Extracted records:
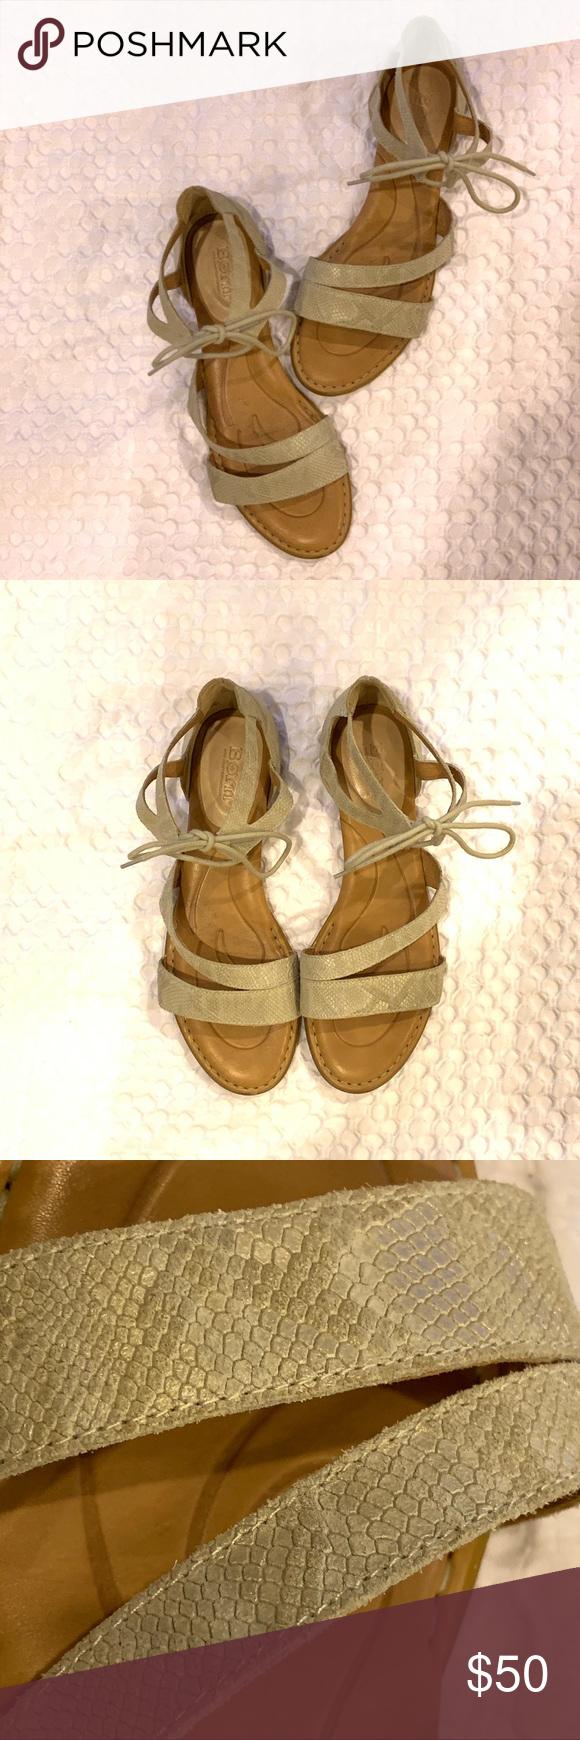 280be37f1f3a Born Casma Cream Sandals Size 9 Clean lines and a unique silhouette give  the Born Casma
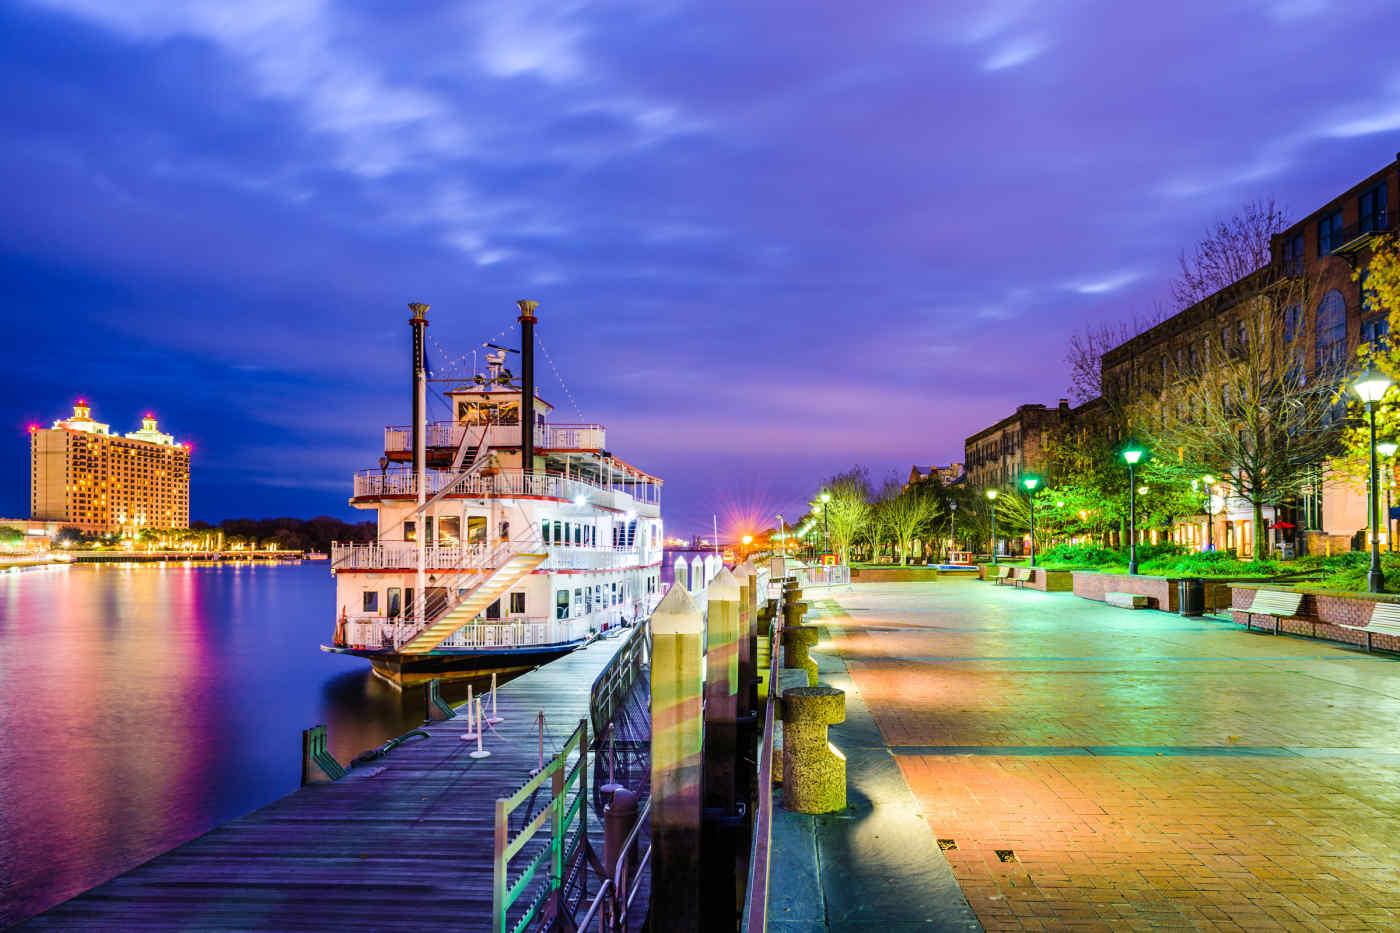 Savannah, Geogia Riverfront Promenade
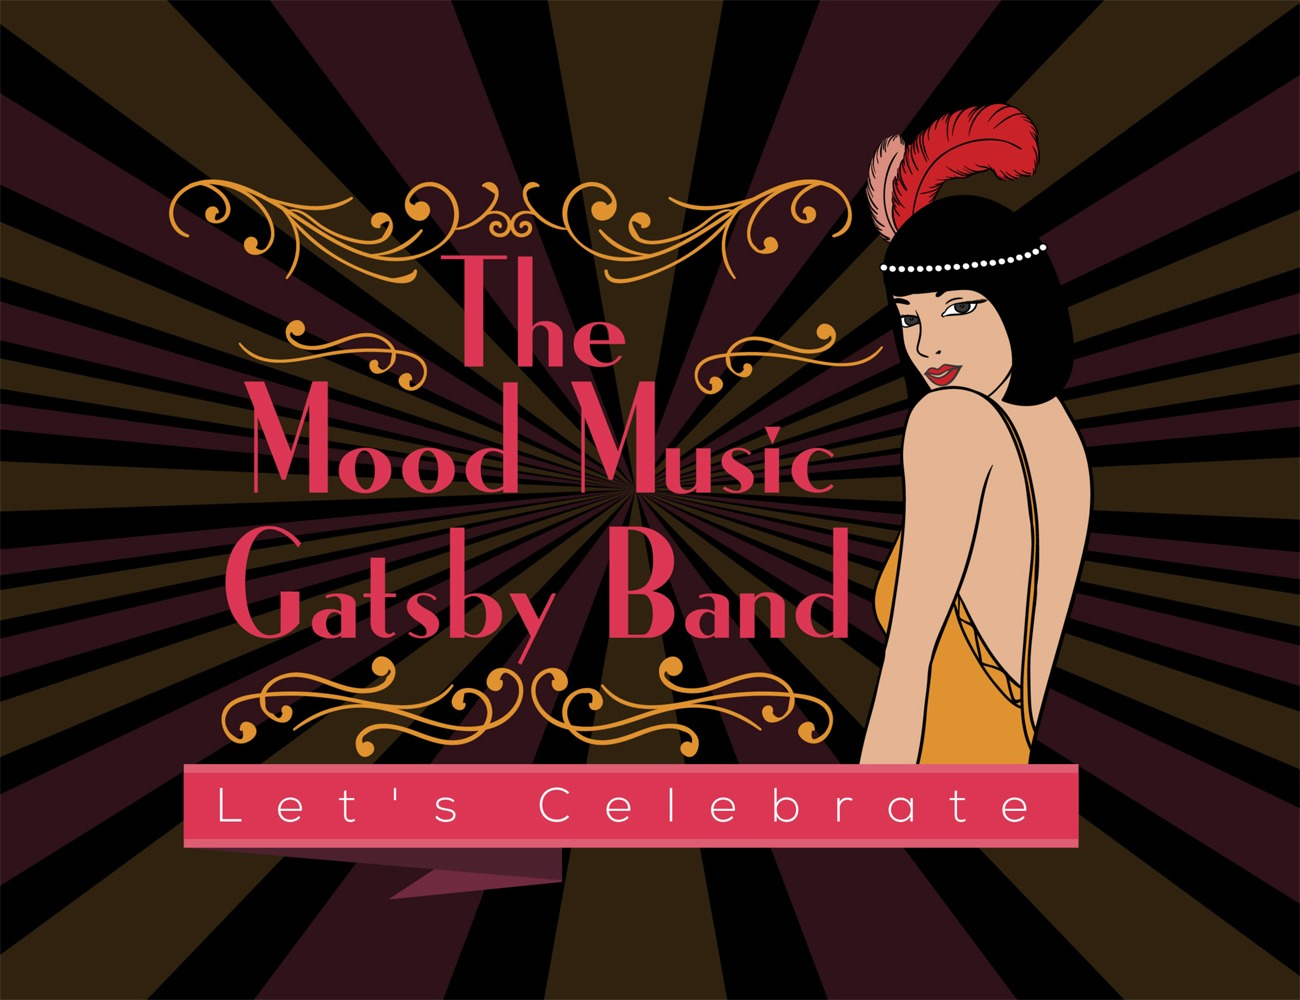 Brisbane's Great Gatsby Band
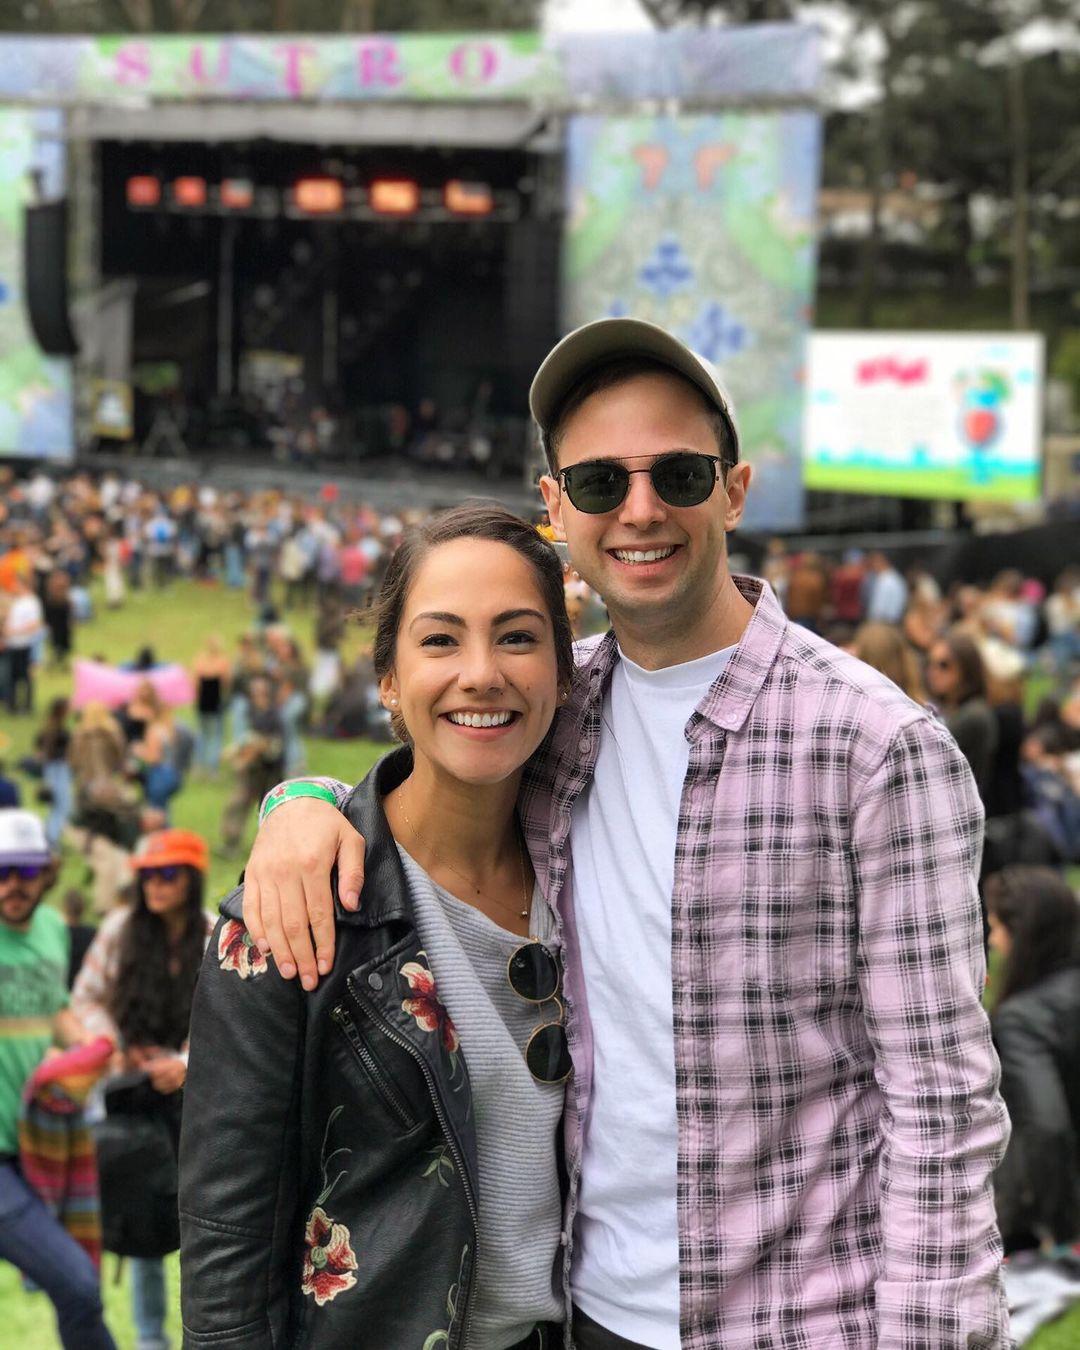 Maggie with her fiance Zach
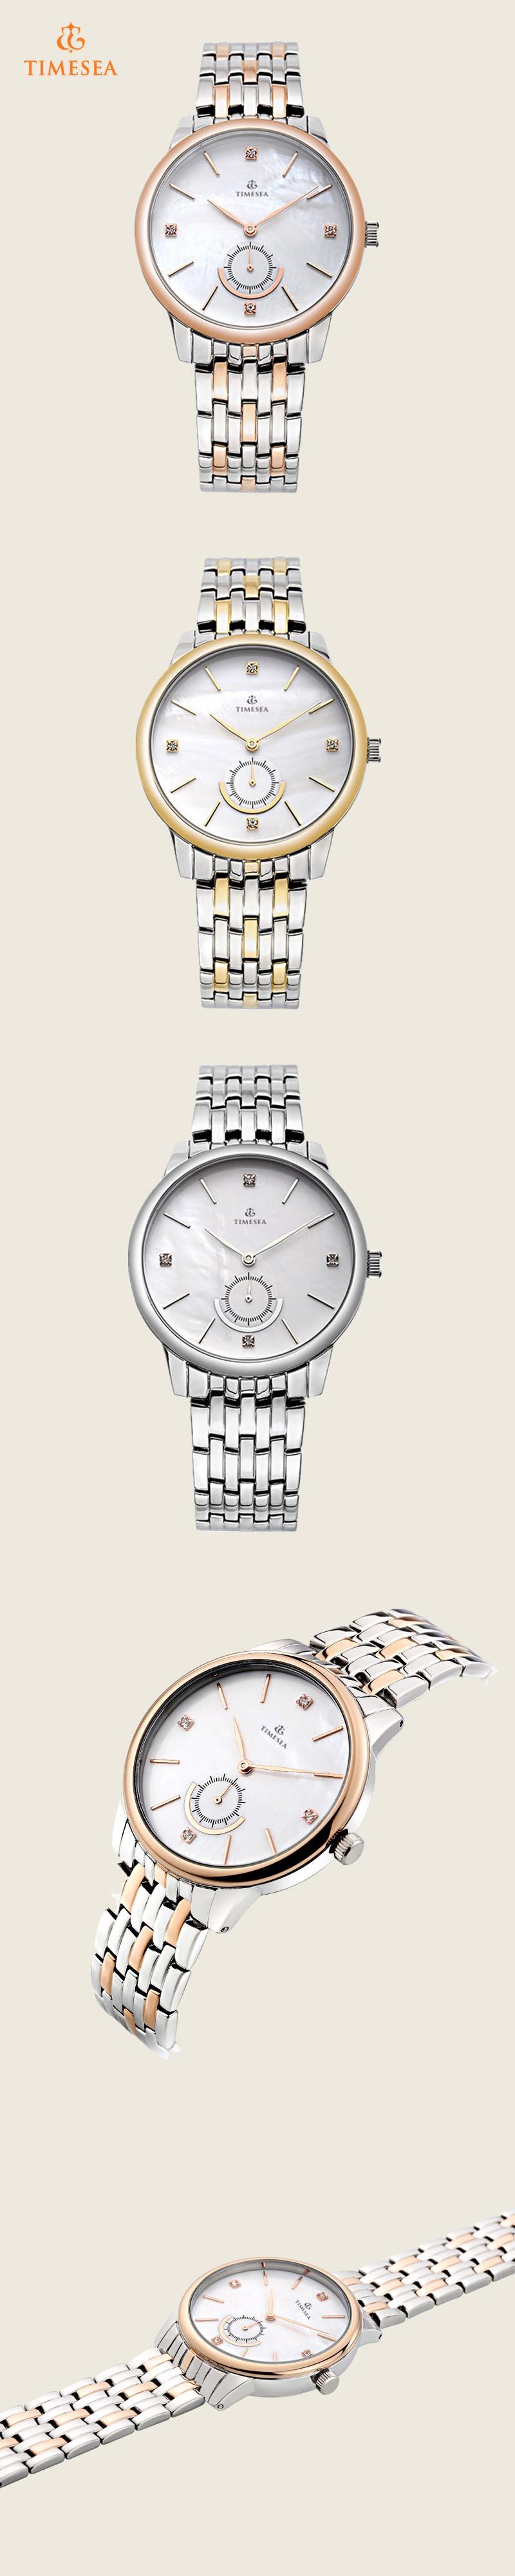 Charm Fashion Wrist Watch for Men 72326
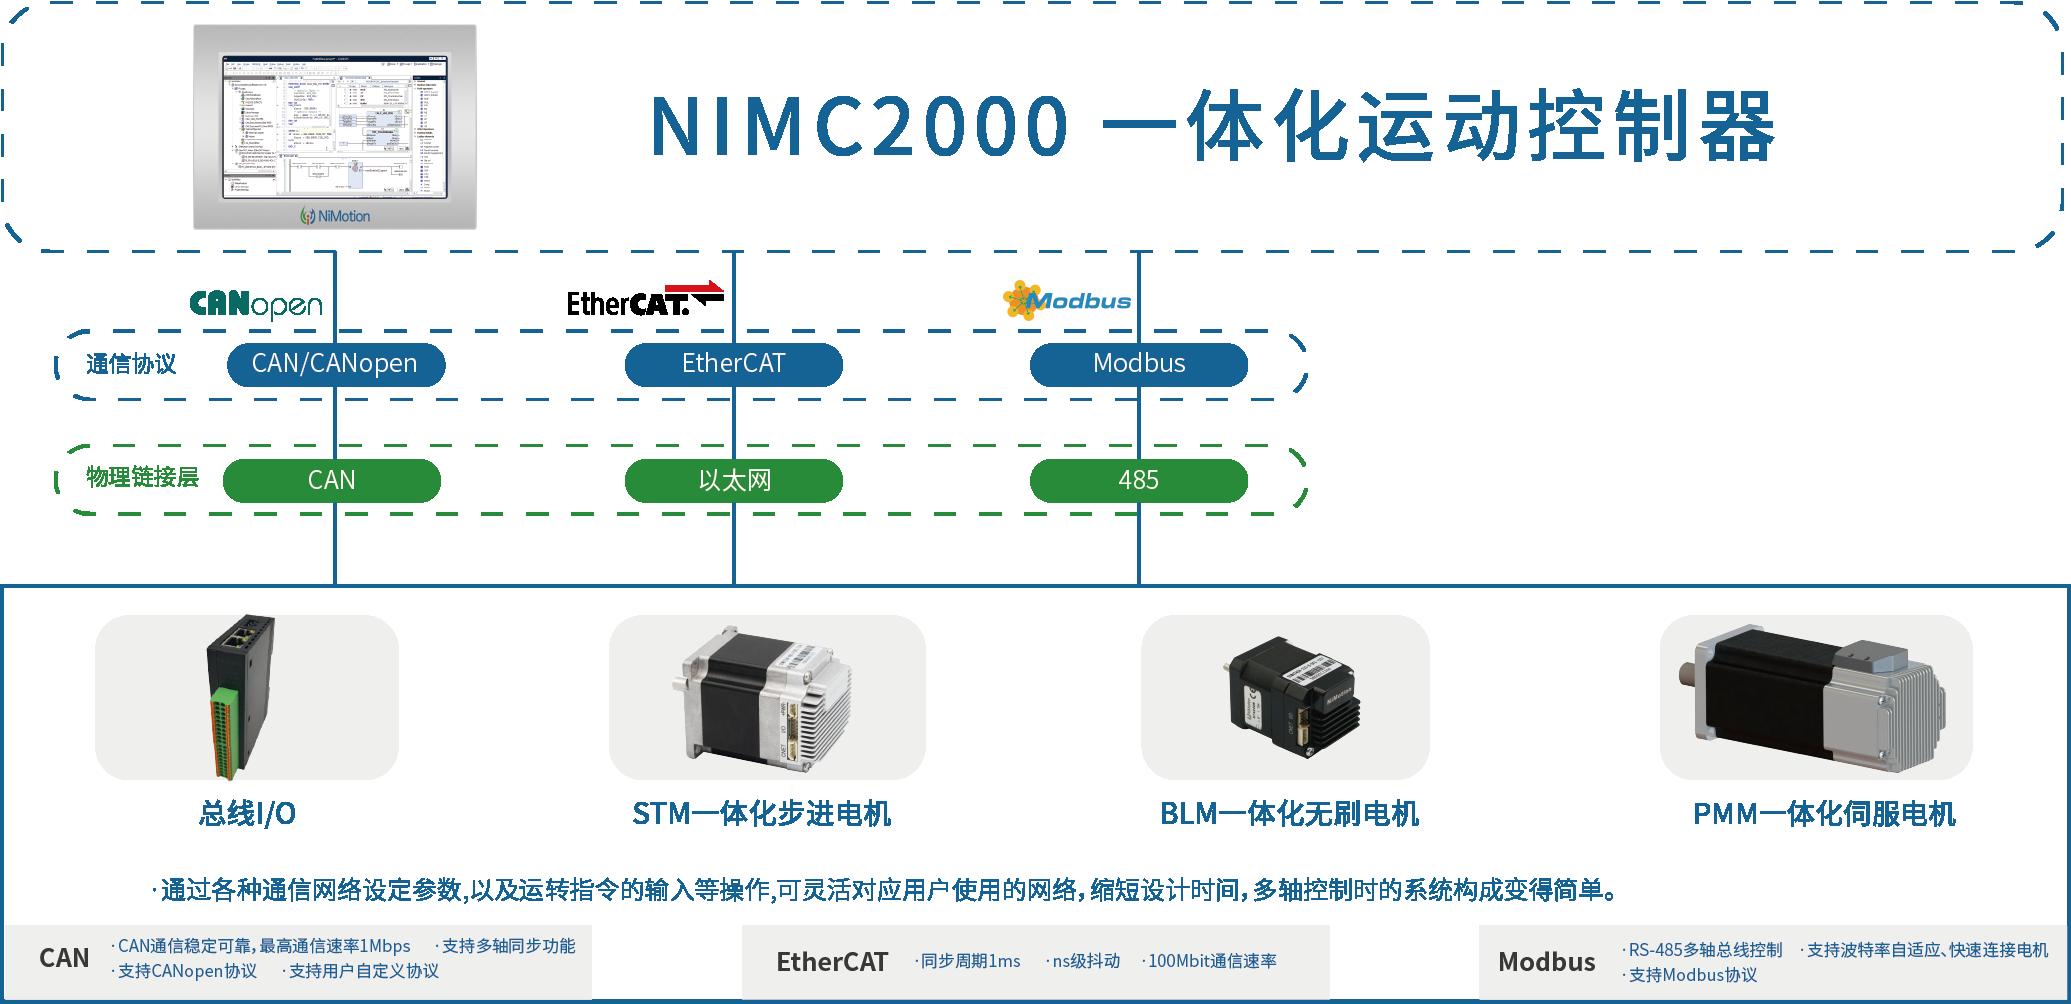 NIMC2000 一体化控制器

Task description » All of the entries above are to be written out exactly, with no pictures.

Result of this exercise »
 280be37f1f3a Born Casma Cream Sandals Size 9 Clean lines and a unique silhouette give  the Born Casma
 Savannah, Geogia Riverfront Promenade
 Brisbane's Great Gatsby Band
 Maggie with her fiance Zach
 Charm Fashion Wrist Watch for Men 72326
 NIMC2000 一体化控制器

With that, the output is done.